Your assignment
When you copy the data, keep every word exactly as it is and leave the pictures out.

Stored data
──────────────────────────────
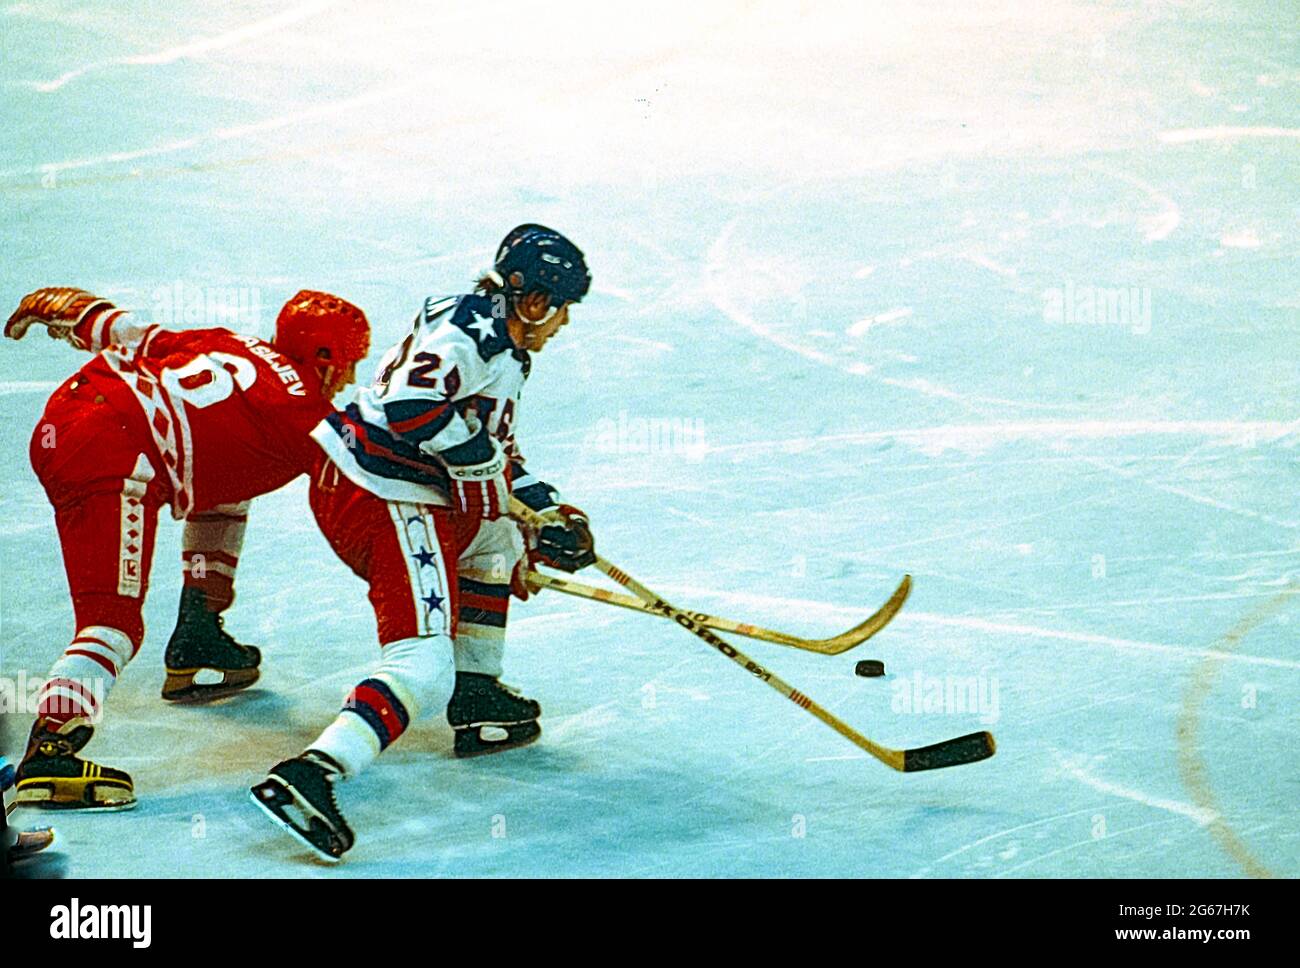 Rob McClanahan de Team USA et Valeri Vasiliev (URSS) lors de la demi-finale du hockey sur glace masculin aux Jeux Olympiques d'hiver de 1980. Banque D'Images
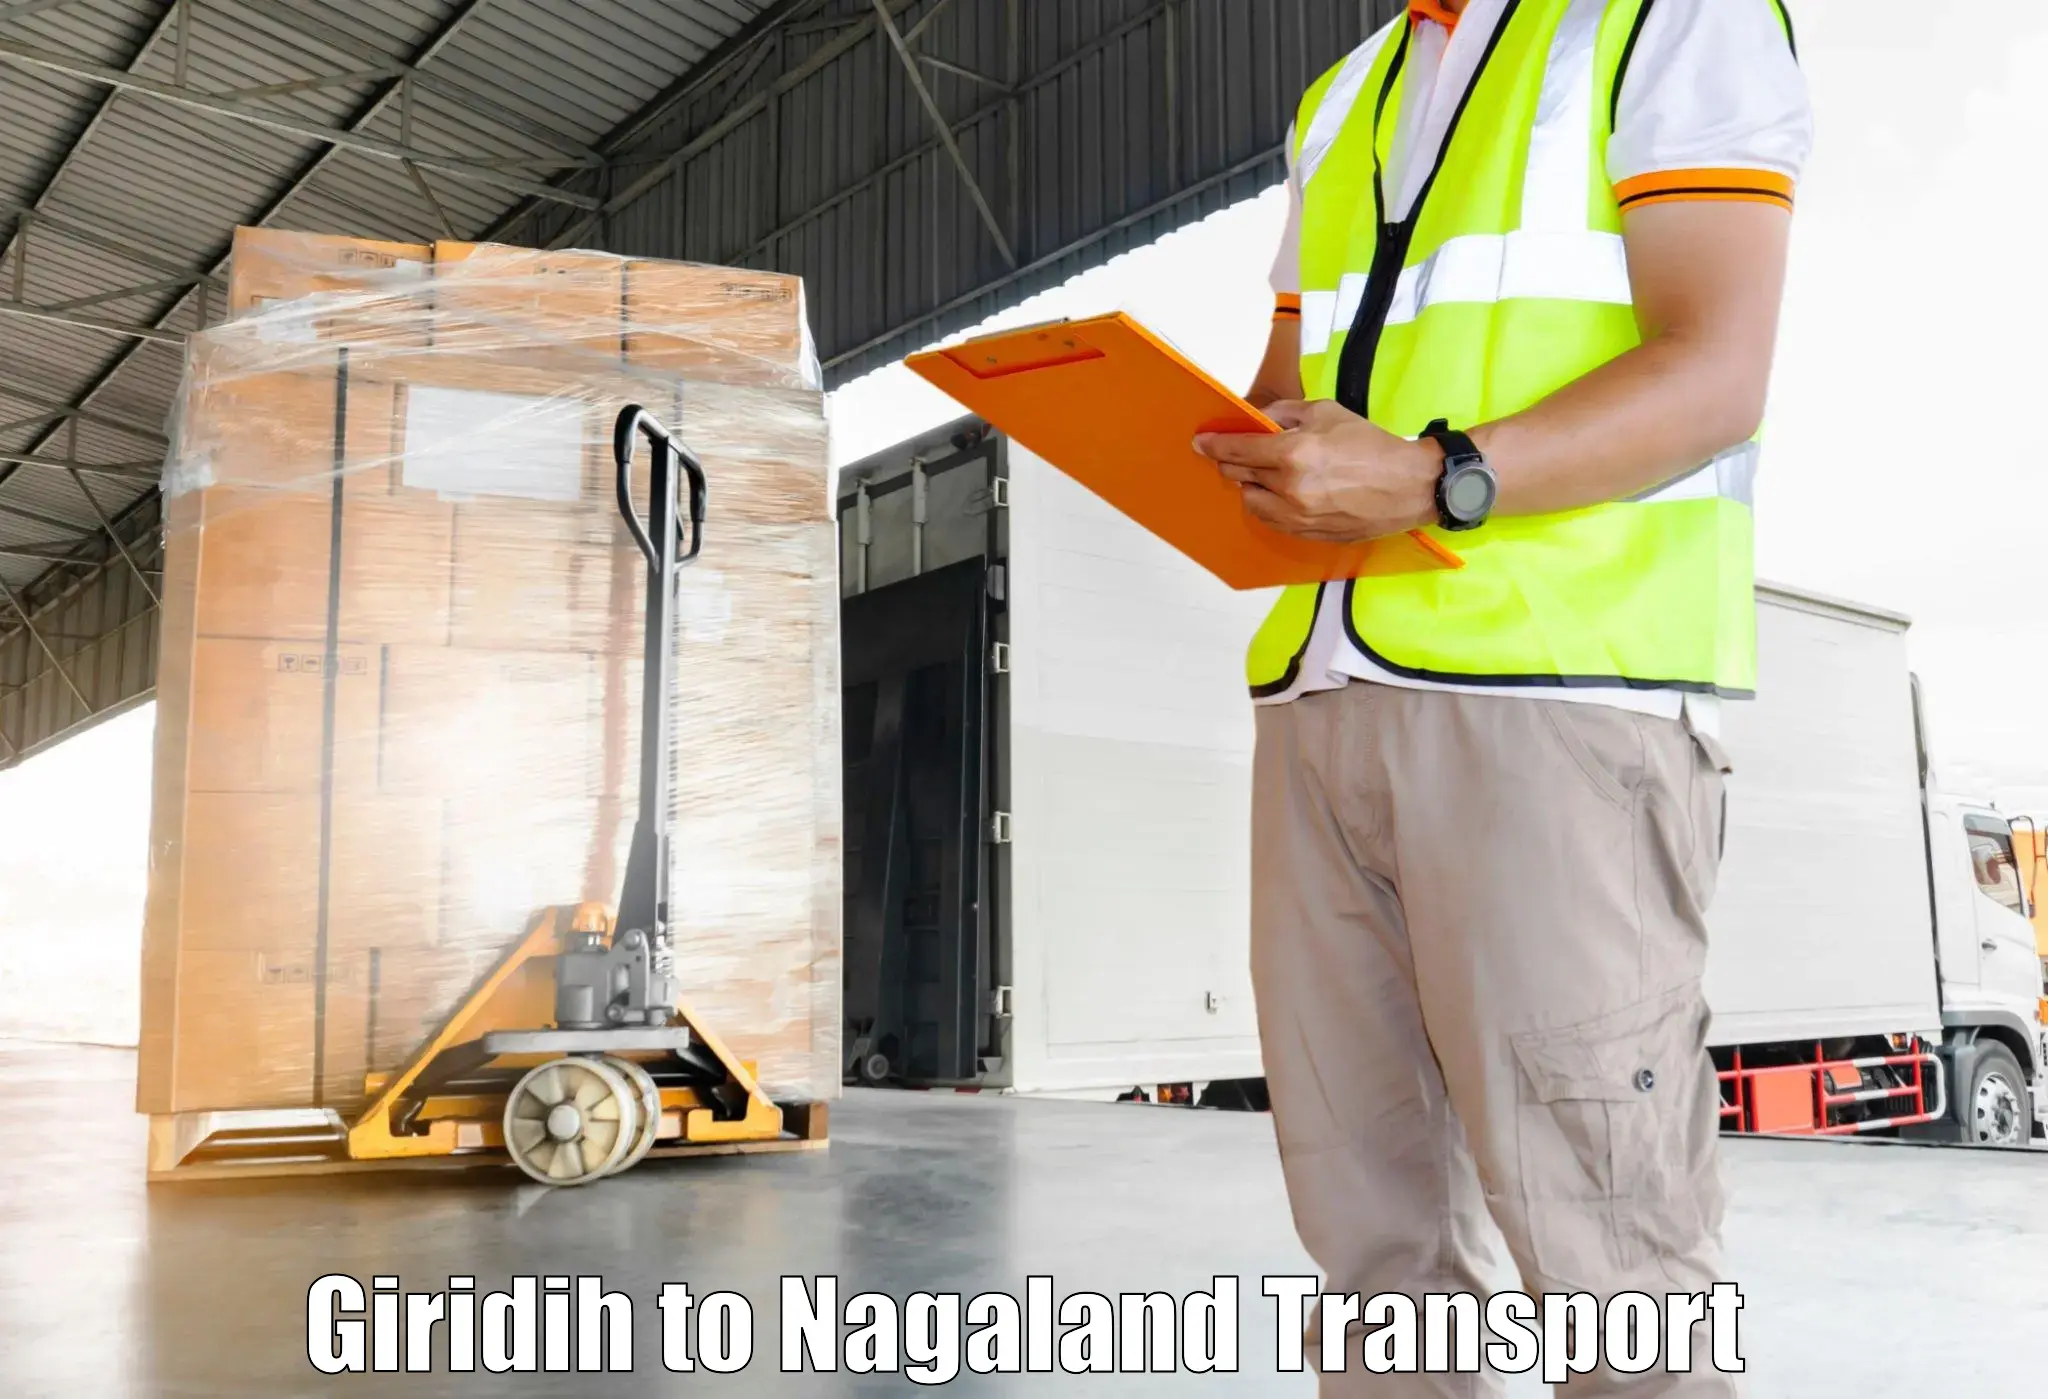 Cargo transport services Giridih to NIT Nagaland
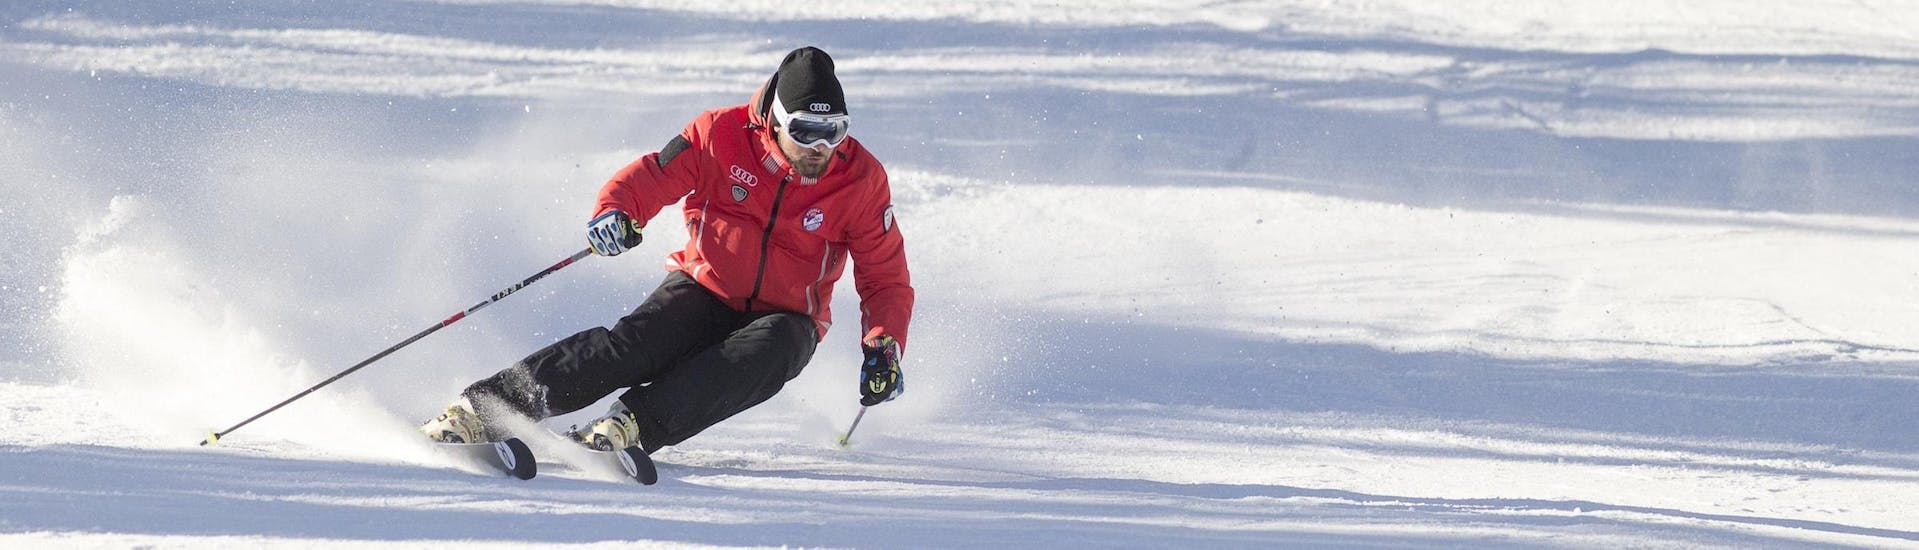 Een skileraar van Scuola Sci Cortina demonstreert de juiste skitechniek tijdens een van de Skilessen voor Volwassenen - Beginners in het skigebied van Cortina d'Ampezzo.
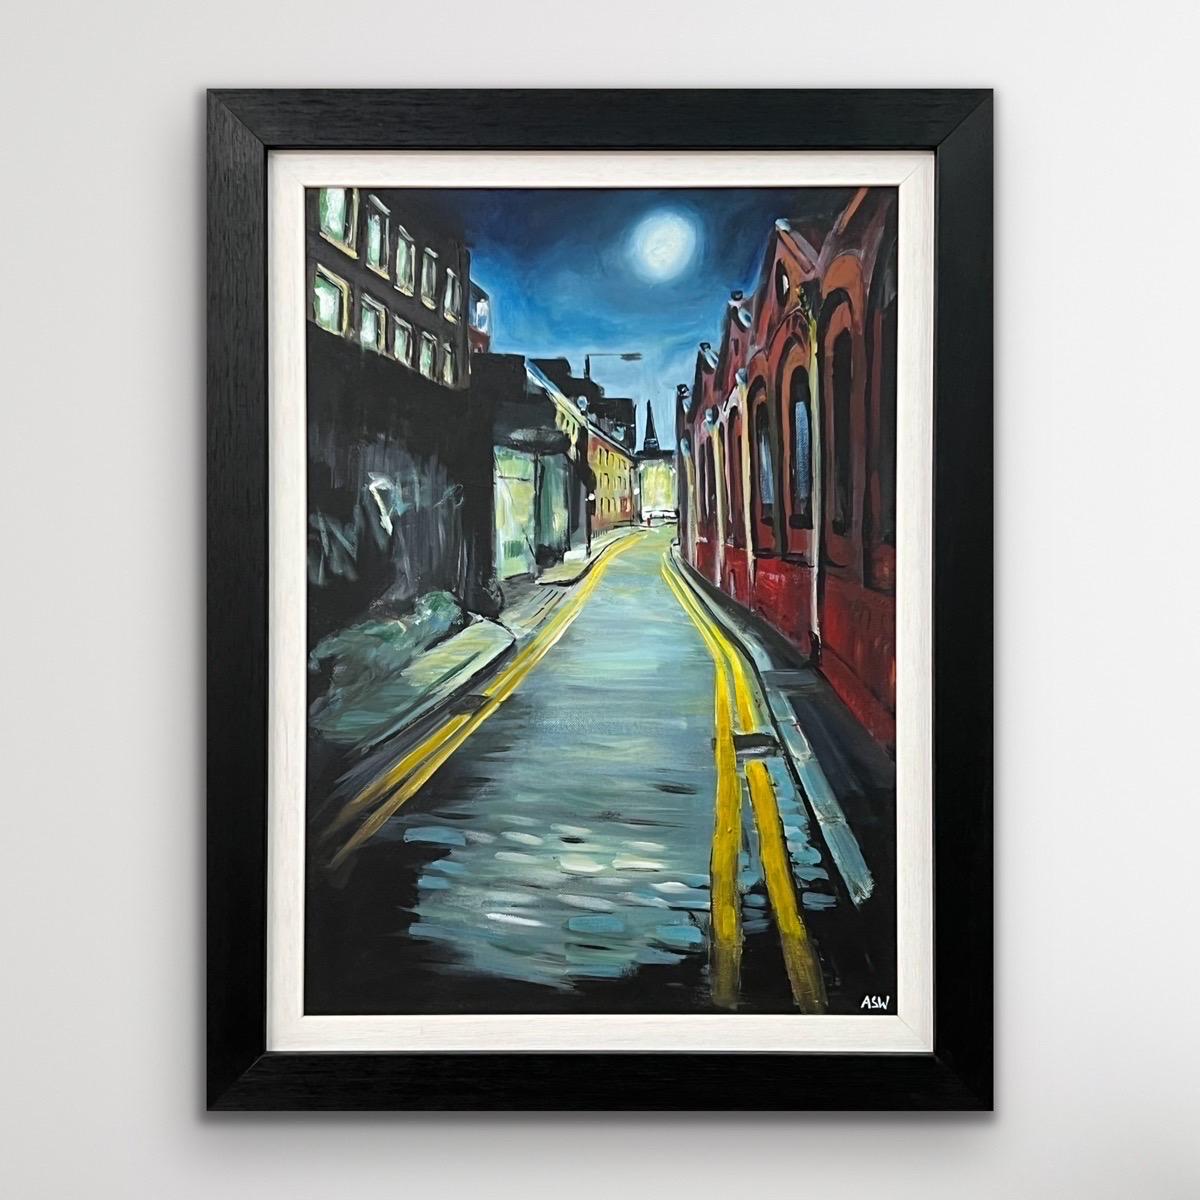 Atmosphärisches Gemälde der Straße in Whitechapel London City des britischen Künstlers (Englische Schule), Mixed Media Art, von Angela Wakefield
──────────────────────────────
Solution to this task
 Rob McClanahan de Team USA et Valeri Vasiliev (URSS) lors de la demi-finale du hockey sur glace masculin aux Jeux Olympiques d'hiver de 1980. Banque D'Images
 Cargo transport services Giridih to NIT Nagaland
 Een skileraar van Scuola Sci Cortina demonstreert de juiste skitechniek tijdens een van de Skilessen voor Volwassenen - Beginners in het skigebied van Cortina d'Ampezzo.
 Atmosphärisches Gemälde der Straße in Whitechapel London City des britischen Künstlers (Englische Schule), Mixed Media Art, von Angela Wakefield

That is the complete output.